Following a jury trial, defendant was convicted of rape in the first degree and sexual abuse in the first degree as charged in counts 1 and 3 of a four-count indictment. He was sentenced to maximum concurrent prison terms of 25 years and seven years, respectively, followed by five years of postrelease supervision.

Initially, defendant contends that the verdict is against the weight of the evidence. When a different verdict based upon the proof would not be unreasonable, we "must weigh conflicting testimony, review any rational inferences that may be drawn from the evidence, and evaluate the strength of such conclusions" (People v Danielson, 9 NY3d 342, 348 [2007]; see People v Bleakley, 69 NY2d 490, 495 [1987]). In reviewing the evidence, we accord great deference to the jury's credibility determinations given its opportunity to hear the testimony and observe the witnesses' demeanor (see People v Bleakley, 69 NY2d at 495).

Here, the victim, a 63-year-old woman, testified that on the night of the alleged incidents the 34-year-old defendant, who was living in the basement of her home, came upstairs to obtain some beer. When the victim objected, defendant pushed her towards the basement and began pulling her down the stairs. He then blocked her from leaving, pulled off her pants and "pressed [her] down on the floor." The victim stated that defendant, who was then naked, began fondling her and penetrated her vagina with his penis.
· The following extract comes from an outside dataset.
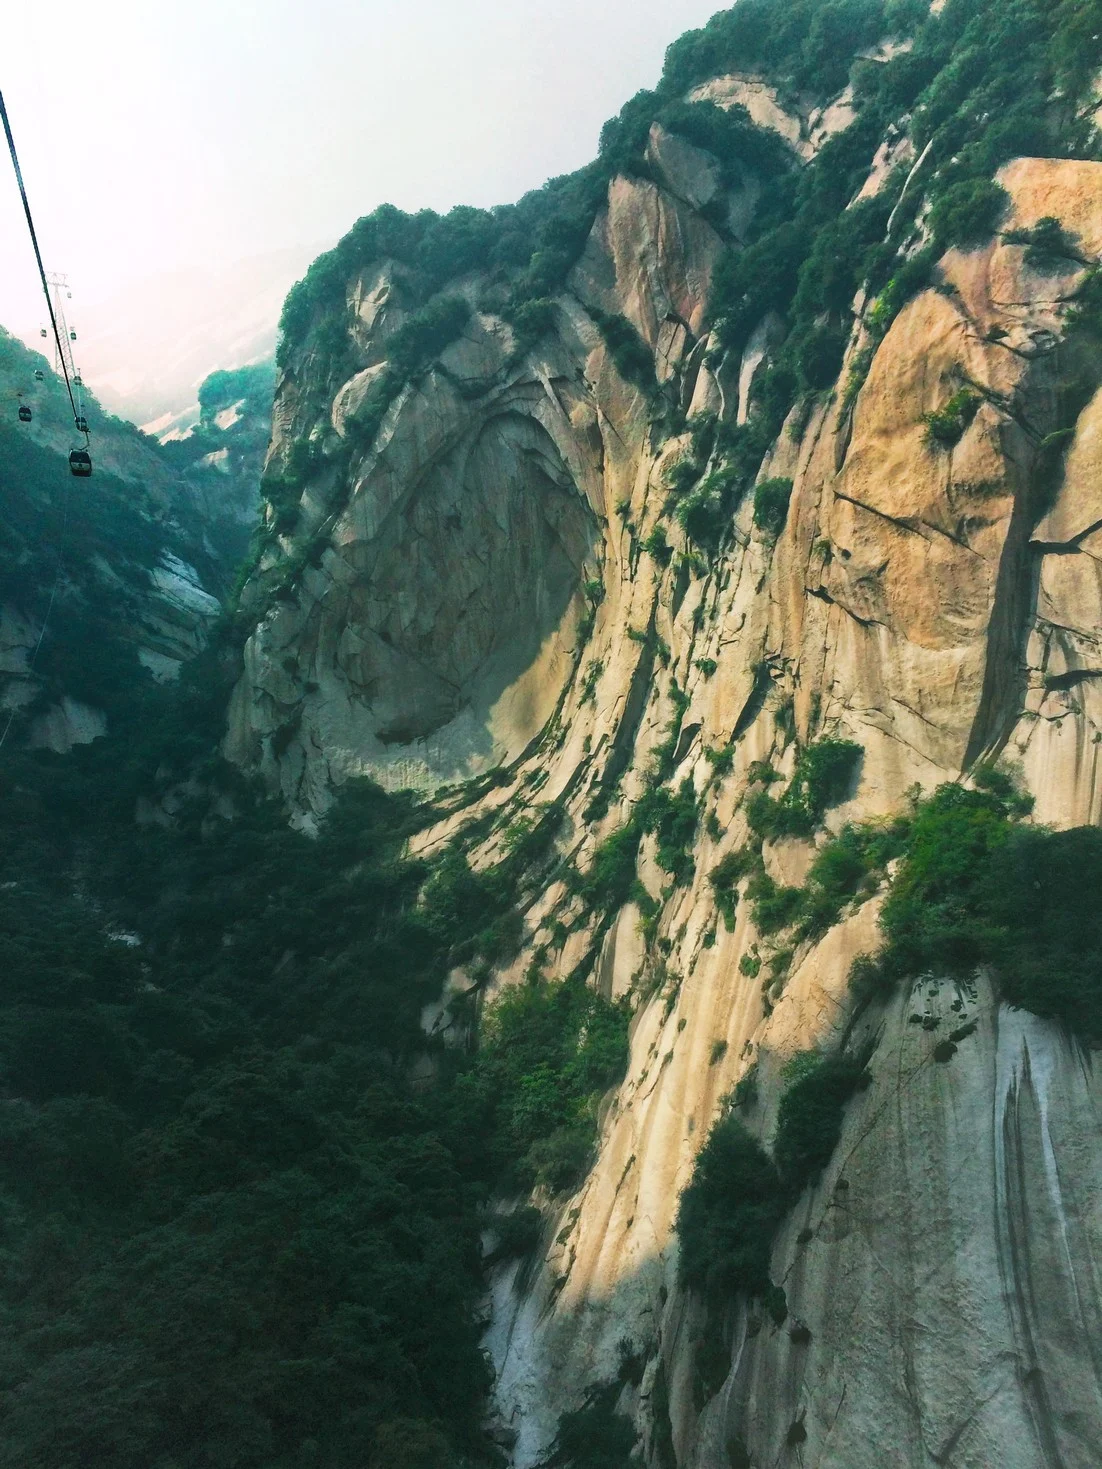 gondolas-in-granite-valley-at-huashan-national-park-1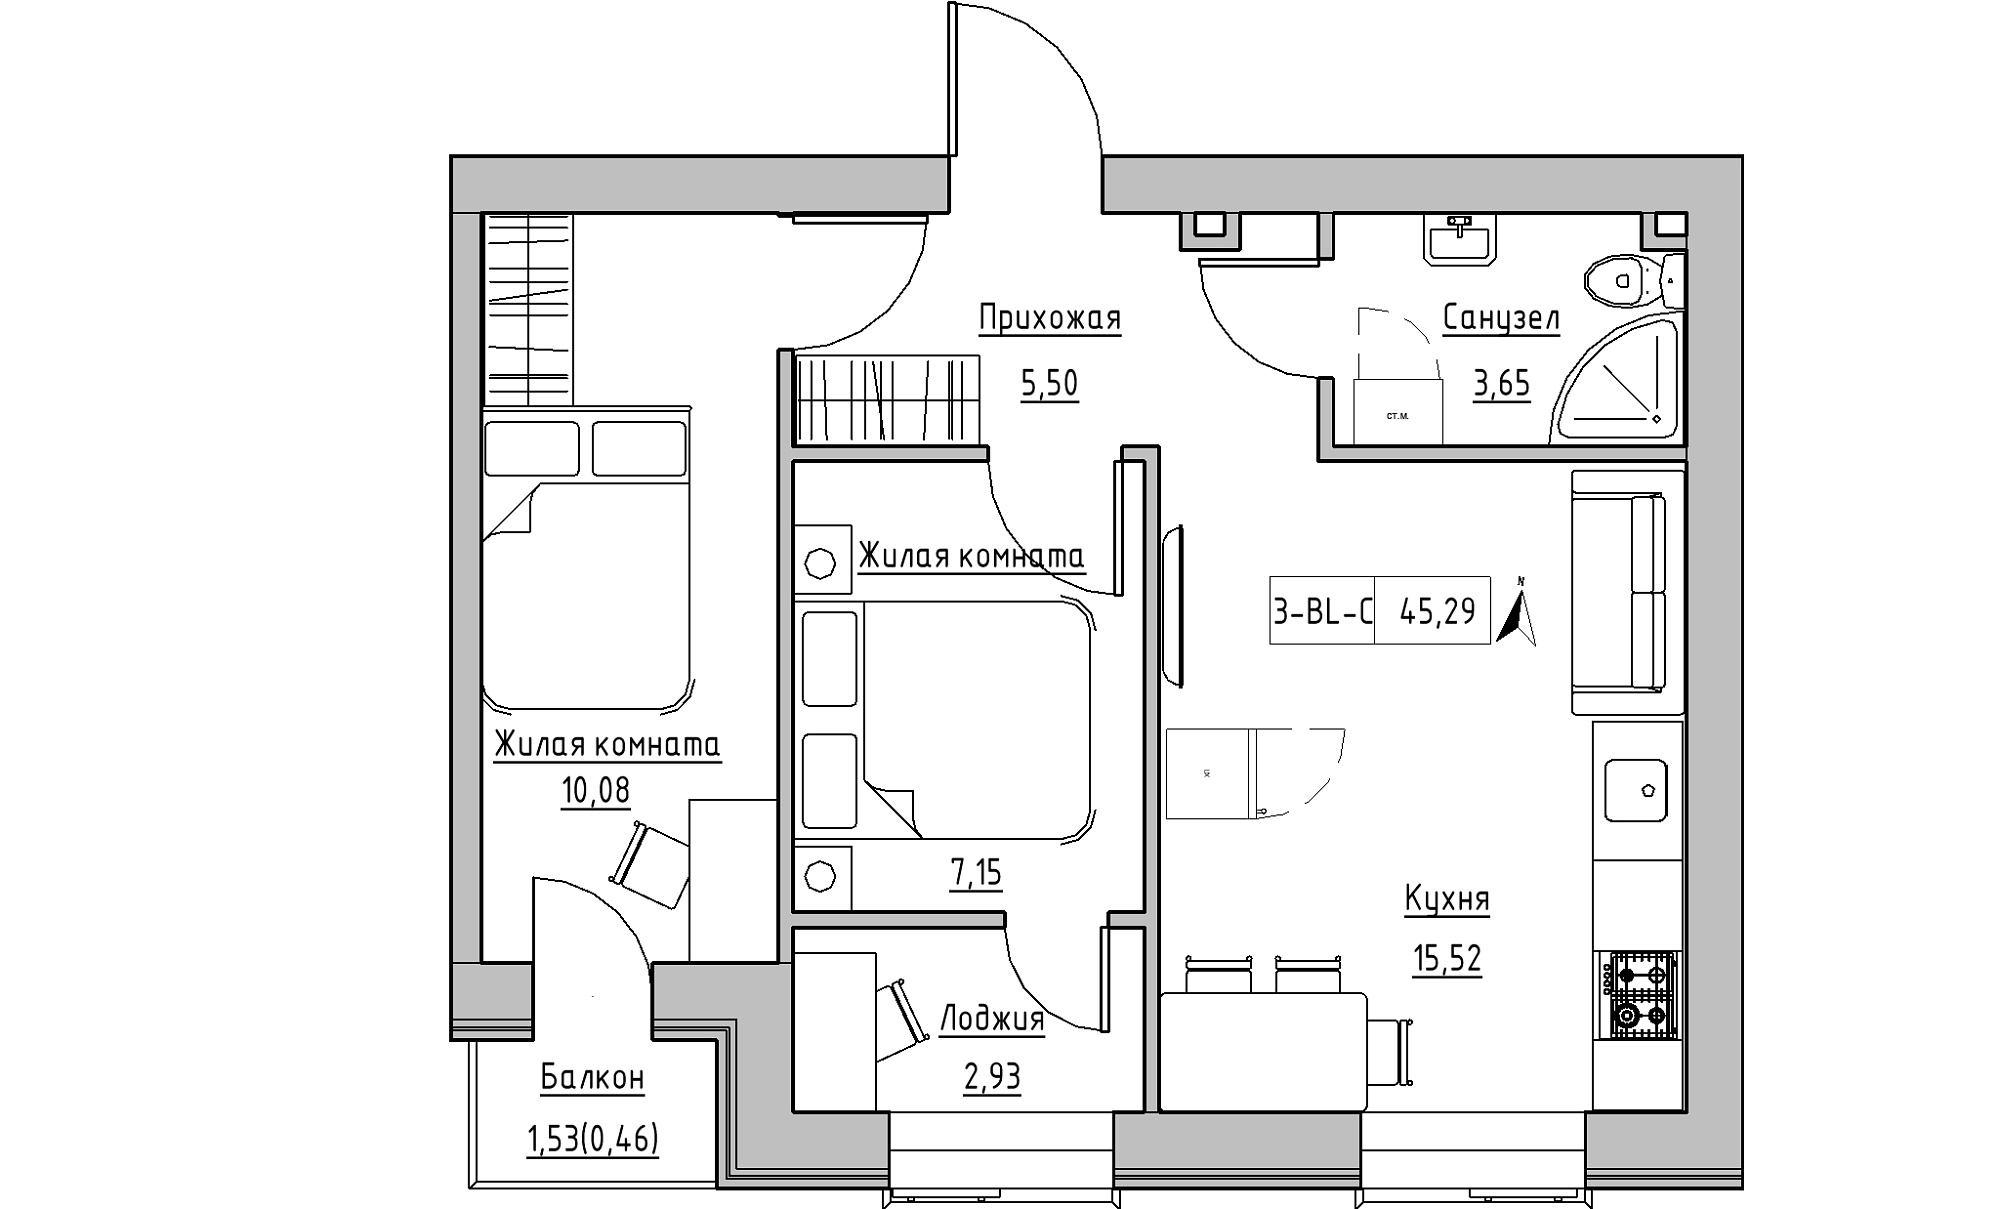 Планировка 2-к квартира площей 45.29м2, KS-016-02/0008.

According to the victim, during the struggle she scratched defendant's back and stomach. The victim then testified that defendant later came upstairs, held her down, pressing on her right breast, and again fondled her and penetrated her vagina.

The registered nurse who assisted in the treatment of the victim at the hospital testified that the examination revealed multiple small tears in the vaginal mucosa, vaginal bruising, bloody fluid and redness, as well as tenderness under the victim's right breast. Furthermore, a forensic scientist testified that the fingernail scrapings collected from the victim during that medical examination contained a significant amount of defendant's DNA.

Although defendant offered different versions of what occurred, testifying that the sexual encounter was consensual, the conflicting testimony presented credibility issues for the jury to resolve (see People v Rosa, 57 AD3d 1018, 1019 [2008], lv denied 12 NY3d 762 [2009]). Furthermore, contrary to defendant's contention, we discern nothing in the testimony and evidence presented that would render the victim's testimony incredible as a matter of law (see People v Miles, 61 AD3d 1118, 1119 [2009]; People v Campbell, 17 AD3d 925, 926 [2005], lv denied 5 NY3d 760 [2005]). Viewing the evidence in a neutral light and considering the elements of the charged crimes, we conclude that the verdict is supported by the weight of the evidence (see People v Bleakley, 69 NY2d at 495).

Defendant's contention that he was denied the effective assistance of counsel is also without merit. Viewed in totality at the time of representation, the record demonstrates that defendant received meaningful representation (see People v Benevento, 91 NY2d 708, 712 [1998]; People v Chatham, 55 AD3d 1045, 1046-1047 [2008]).

Finally, there is no basis for defendant's contention that the sentence imposed is punishment for asserting his right to trial and, under the circumstances herein, we are unpersuaded that the sentence imposed was harsh and excessive.

Spain, Rose, Kane and Garry, JJ., concur.

ORDERED that the judgment is affirmed.